Les MAAN privilégient davantage les politiques ou les stratégies de développement que les projets isolés. L’objectif des MAAN est de soutenir les secteurs à l’origine de réductions d’émissions indirectes ou à long terme, d’appuyer les initiatives visant à réduire les obstacles à la mise en place de mesures d’atténuation et enfin, de favoriser les mesures qu’il est difficile d’évaluer en termes de tonnes d’équivalent CO2.

Le système des MAAN n’a pas encore été officiellement approuvé par la Convention-cadre des Nations unies sur les changements climatiques. Cela explique pourquoi les modalités précises par lesquelles les gouvernements nationaux et le secteur privé peuvent tirer des bénéfices de ce mécanisme restent aujourd’hui à définir. Néanmoins, il est probable que les gouvernements des pays en développement qui auront inscrit leurs propositions d’amélioration de la gestion des déchets dans le cadre d’une MAAN bénéficieront, plus que d’autres projets, des financements du Fonds vert pour le climat.
Le lien entre gestion des déchets et changement climatique a été reconnu par la Banque mondiale (Hoornweg, Daniel et Bhada-Tata, Perinaz, 2012). Cette reconnaissance officielle devrait permettre de mettre en place plus de financements dédiés au sein des agences internationales. Cela pourrait aussi faciliter le développement de mécanismes financiers favorisant une meilleure gestion des déchets dans les pays en développement, lorsque le Protocole de Kyoto arrivera à terme en décembre 2012.

Notes de bas de page

¹ Cet article est basé sur le livre blanc Waste and Climate Change publié par l’ISWA en 2009.
² Le MDP permet aux acteurs des pays développés d’investir dans des projets de réduction des émissions dans des pays en développement. Les pays investisseurs peuvent ainsi utiliser les crédits carbones associés à ces projets pour atteindre leurs propres objectifs de réduction.
³ Les MAAN sont présentés dans l’Encadré 2 de cet article.
4 Produit chimique – quelque soit sa forme – qui s’échappe d’un site industriel de manière fortuite ou non maitrisée.
5 La digestion anaérobie, ou méthanisation, est un processus qui transforme la matière organique en compost, méthane et gaz carbonique.
6 Issu de la Convention-cadre des Nations unies sur les changements climatiques, lancé en 2011, le Fonds vert pour le climat (Green Climate Fund) est un mécanisme de transfert de fonds des pays développés vers les pays en développement.

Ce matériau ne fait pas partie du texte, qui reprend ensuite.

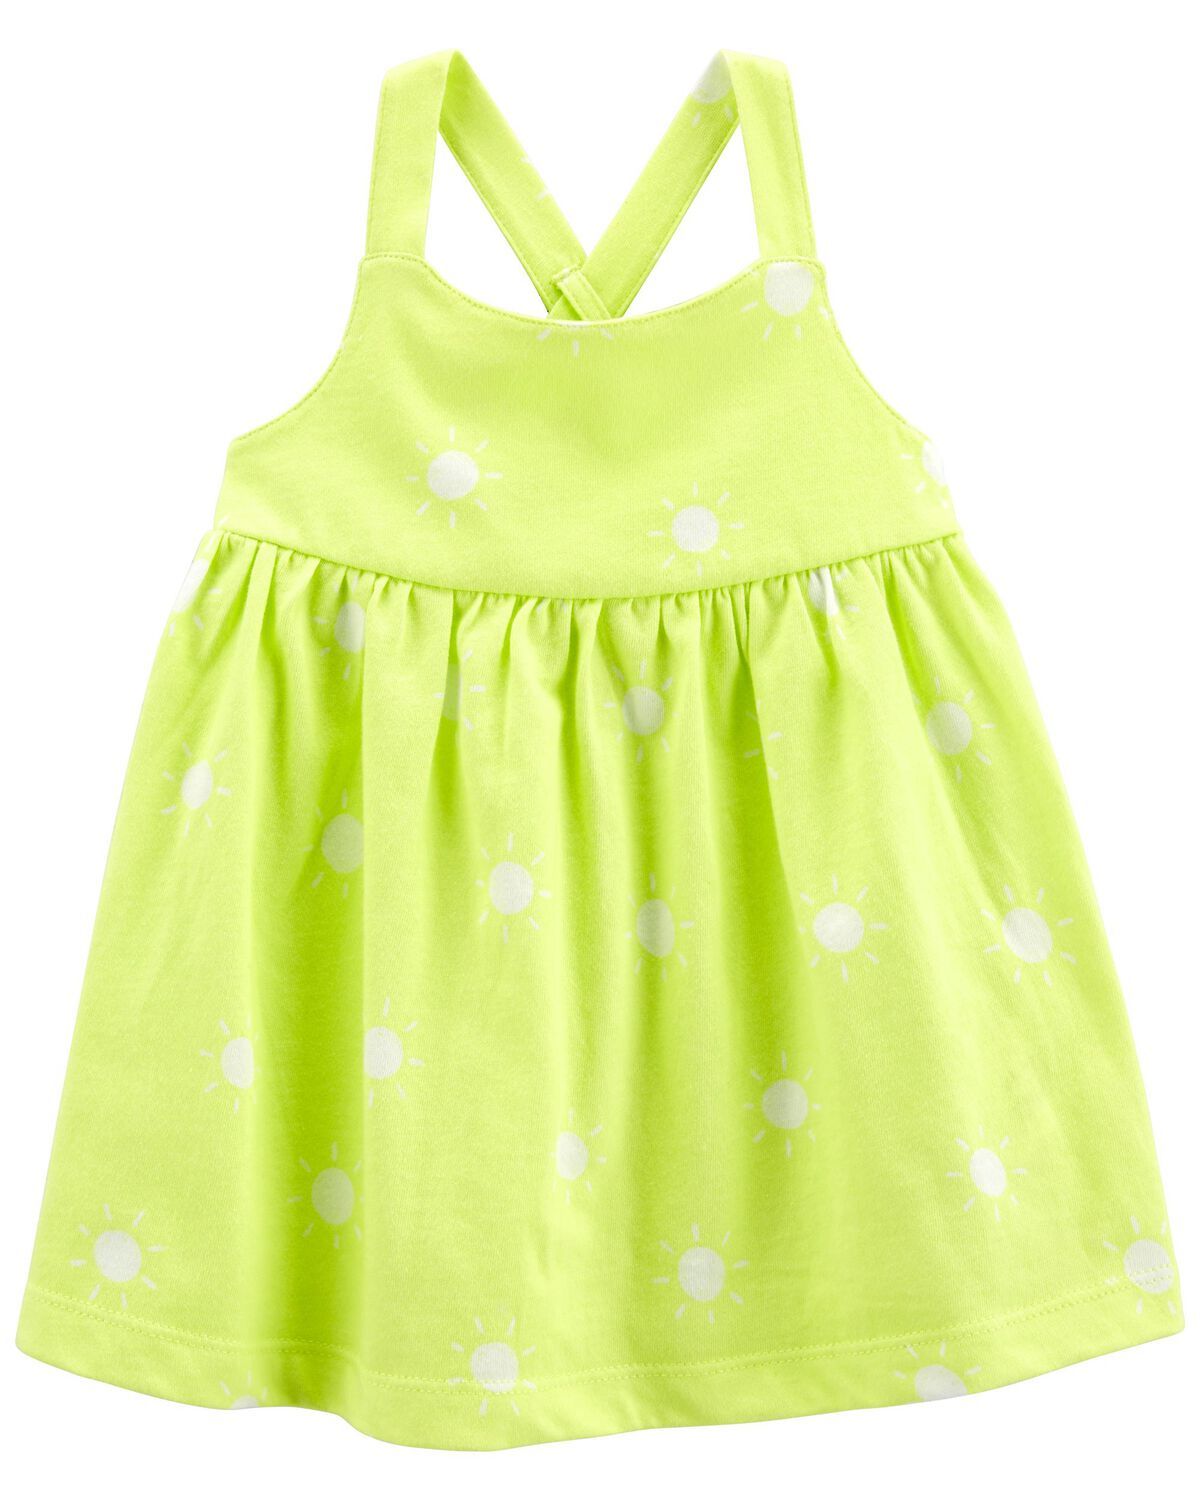 Neon Yellow Baby Polka Dot Jersey Dress | carters.com | Carter's

Il est destiné à aider ces derniers à mettre en œuvre des mesures d’adaptation et d’atténuation pour lutter contre le changement climatique.

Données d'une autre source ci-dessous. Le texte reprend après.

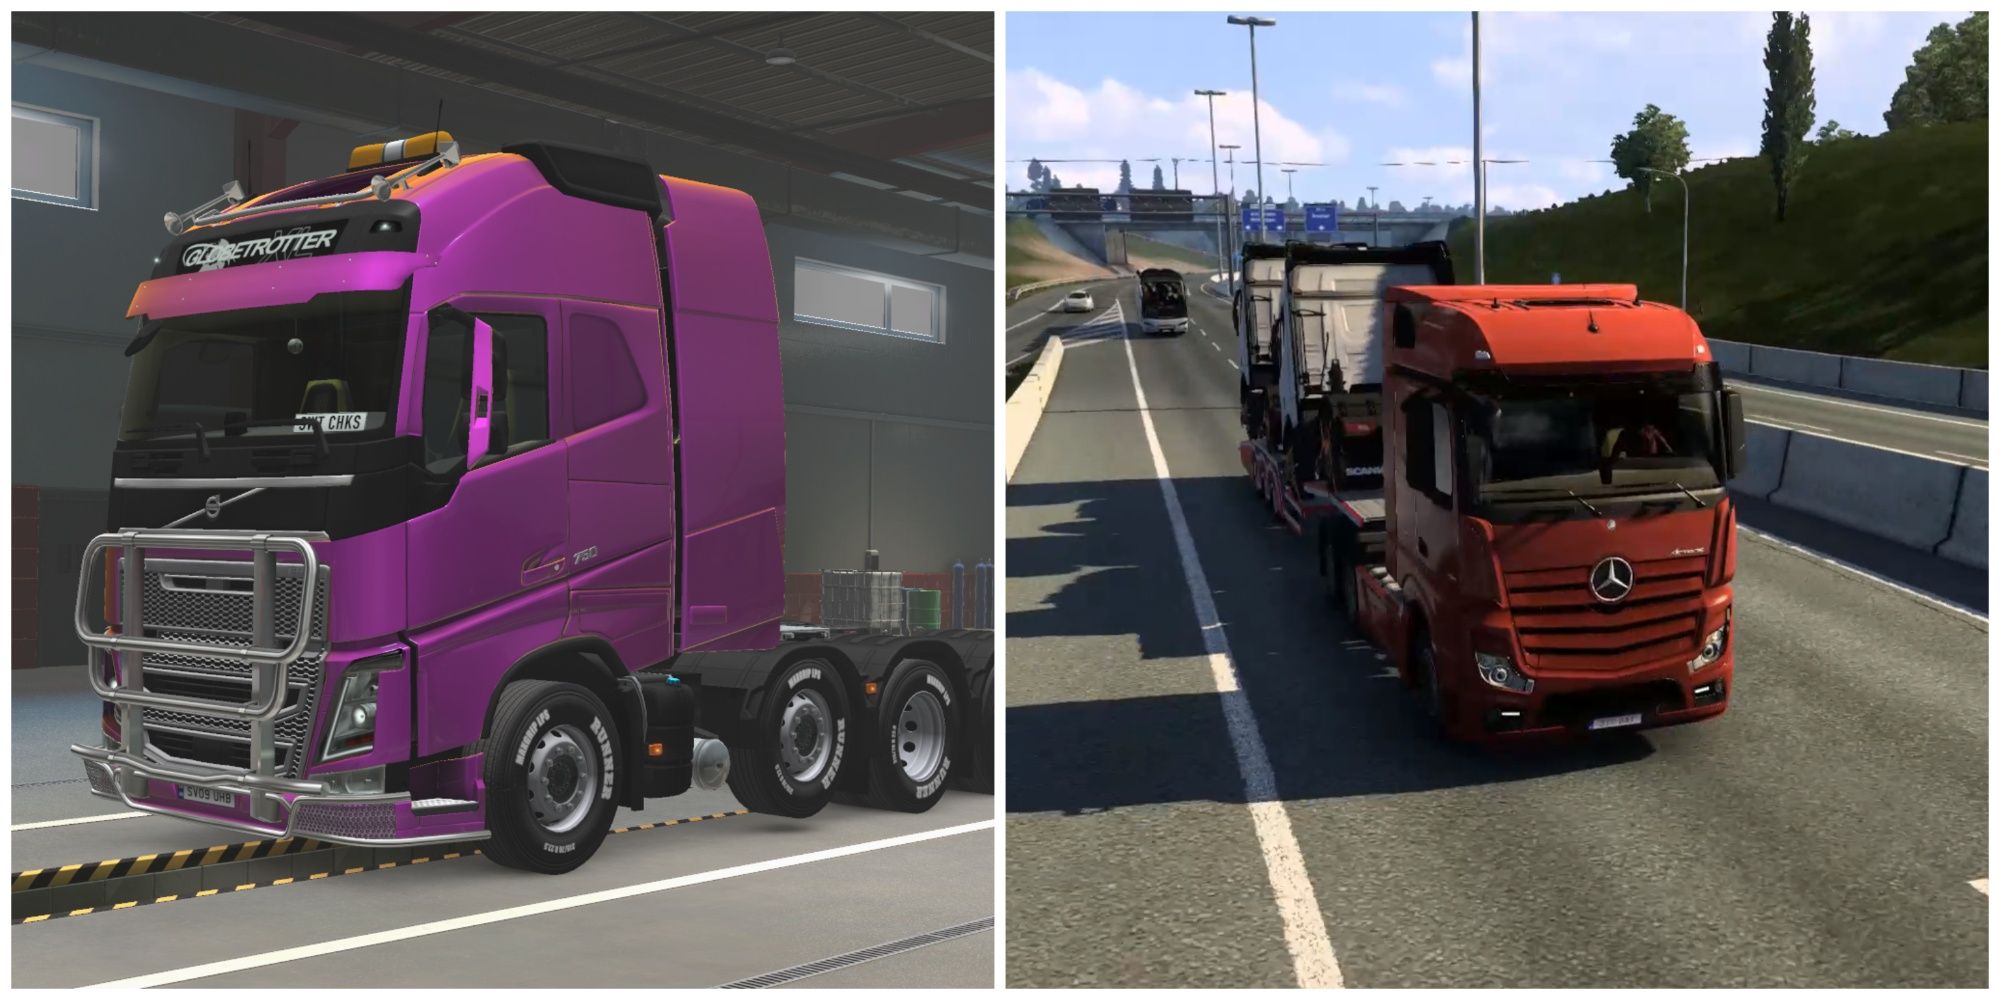 Euro Truck Simulator 2 - Volvo Construction Equipment at the best

Références  / Hoornweg, D., Bhada-Tata, P., 2012. What a Waste: A Global Review of Solid Waste Management. Washington D.C., Banque mondiale, Urban Development & Local Government Unit, Mars 2012, No. 15, 98. / ISWA, 2009. Waste and Climate Change, ISWA White Paper /ISWA, 2011. In the Know, ISWA. / Scheinberg, A., Wilson, D., Rodic-Wiersma, L., 2010. Solid Waste Management in the World’s Cities, Earthscan /Sudhakar, Y., 2012. Replication of urban innovations – prioritization of strategies for the replication of Dhaka’s community-based decentralized composting model, Waste Management & Research Volume 30, issue 1 Janvier 2012, p. 20-31.